As a developer, keeping track of code changes and synchronizing them across teams is critical when collaborating on large projects. Git enables developers to make local commits before pushing them to a remote shared repository like GitHub. However, at times you may want to review commits made locally before pushing them. This allows you to ensure your changes are correct, fix any issues, or even squash multiple commits into one cleaner commit.
In this comprehensive guide, we will cover:
- Why Review Local Commits Before Pushing?
- Listing Unpushed Commits on Current Branch
- Viewing Unpushed Commits on All Branches
- Using Flags for Readability
- Automate Commit Policy Enforcement with Git Hooks
- Coordinating Unpushed Commits on Teams
- Pushing Commits After Review
- Best Practices for Team Collaboration
Understanding these concepts will help you efficiently coordinate code changes when working on team projects with Git.
Why Review Local Commits Before Pushing?
Here are some key reasons why reviewing local unpushed Git commits is beneficial:
1. Catch mistakes – By checking commits locally first, you can spot errors, debug issues, and fix them before sharing code with others.
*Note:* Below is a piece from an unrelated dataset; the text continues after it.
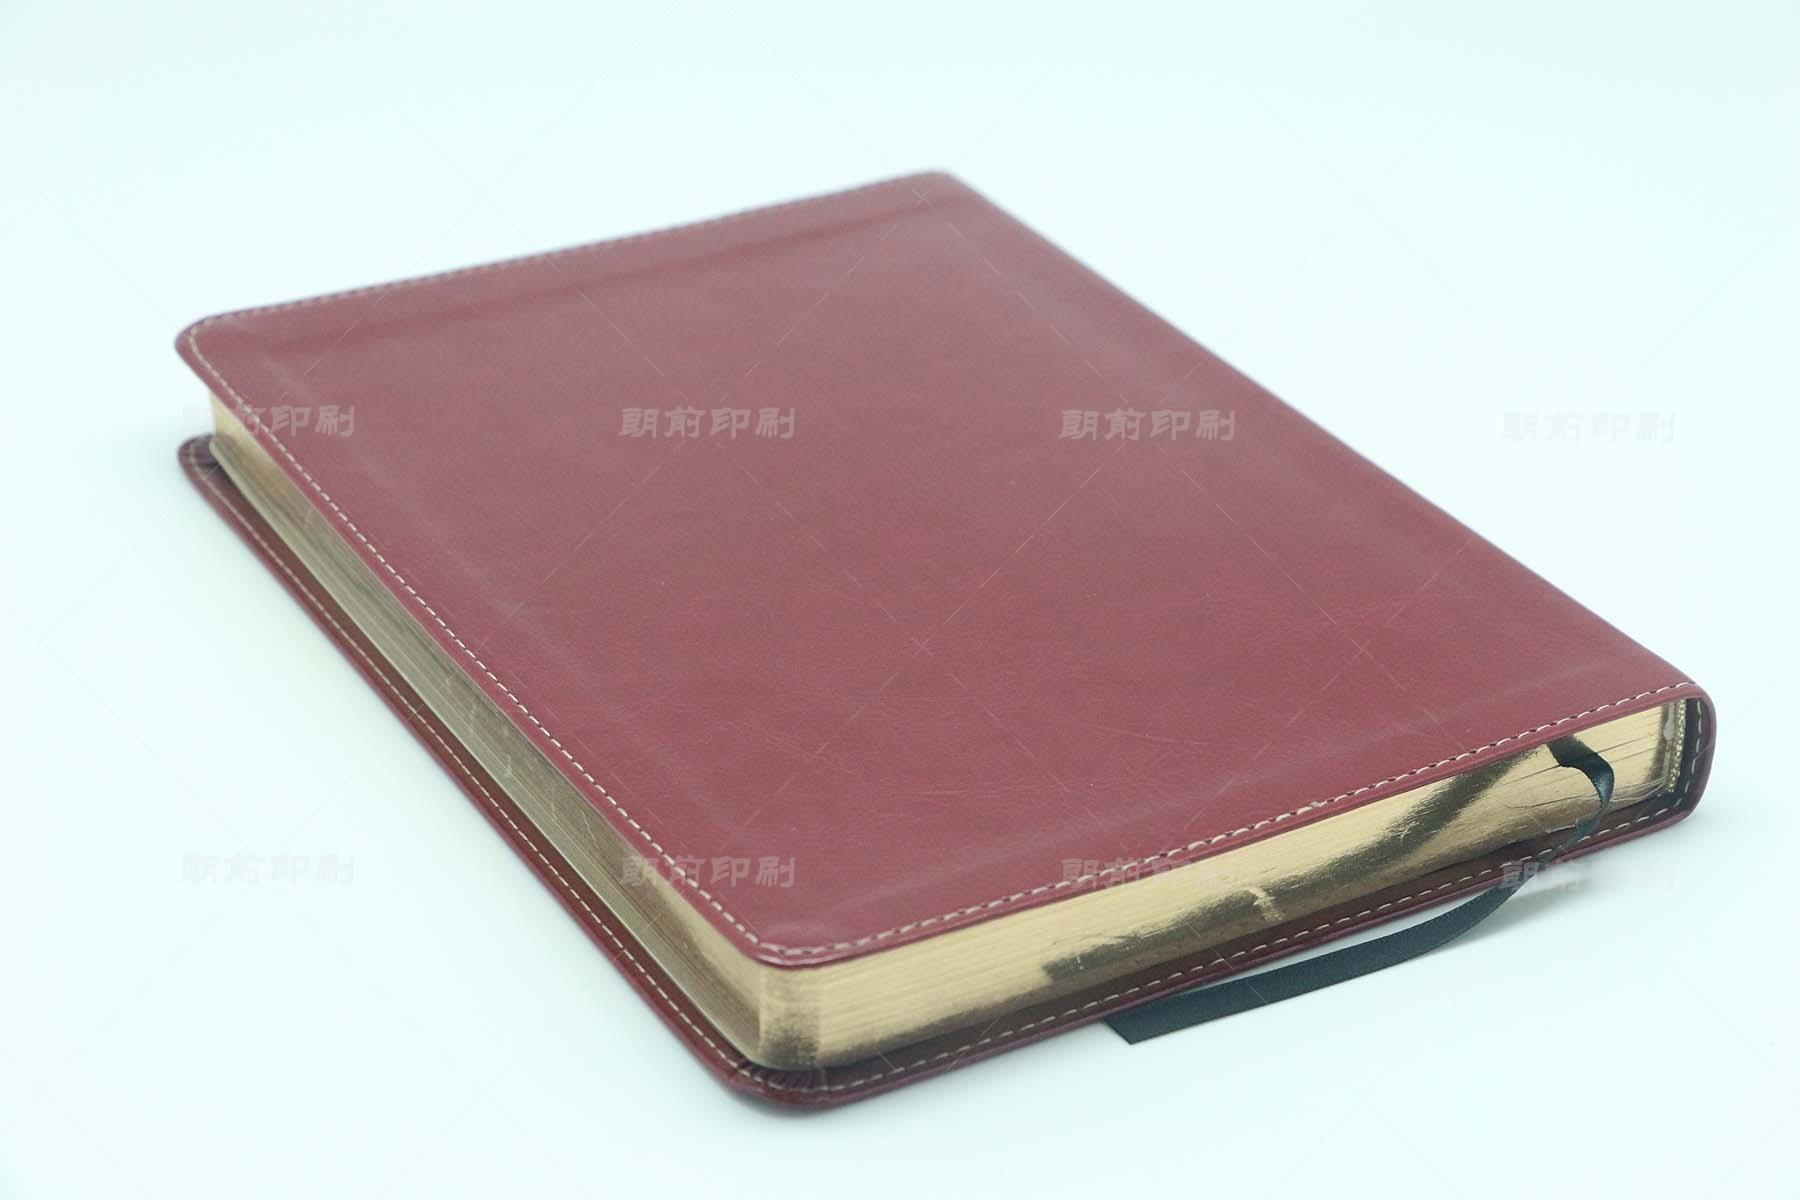 PD PU料软皮精装笔记本印刷

Finding bugs after pushing can lead to problems for teammates.
2. Improve commit quality – Reviewing allows you to rewrite commit messages for clarity, split changes into separate commits, or squash together related commits. This keeps project history clean.
3. Avoid merge conflicts -Checking other teammate‘s recent commits and pulls lets you handle rebasing and merge conflicts locally before pushing. This avoids creating issues for others.
4. Test properly – Verifying commits yourself first by testing locally ensures changes don‘t break the codebase for everyone else.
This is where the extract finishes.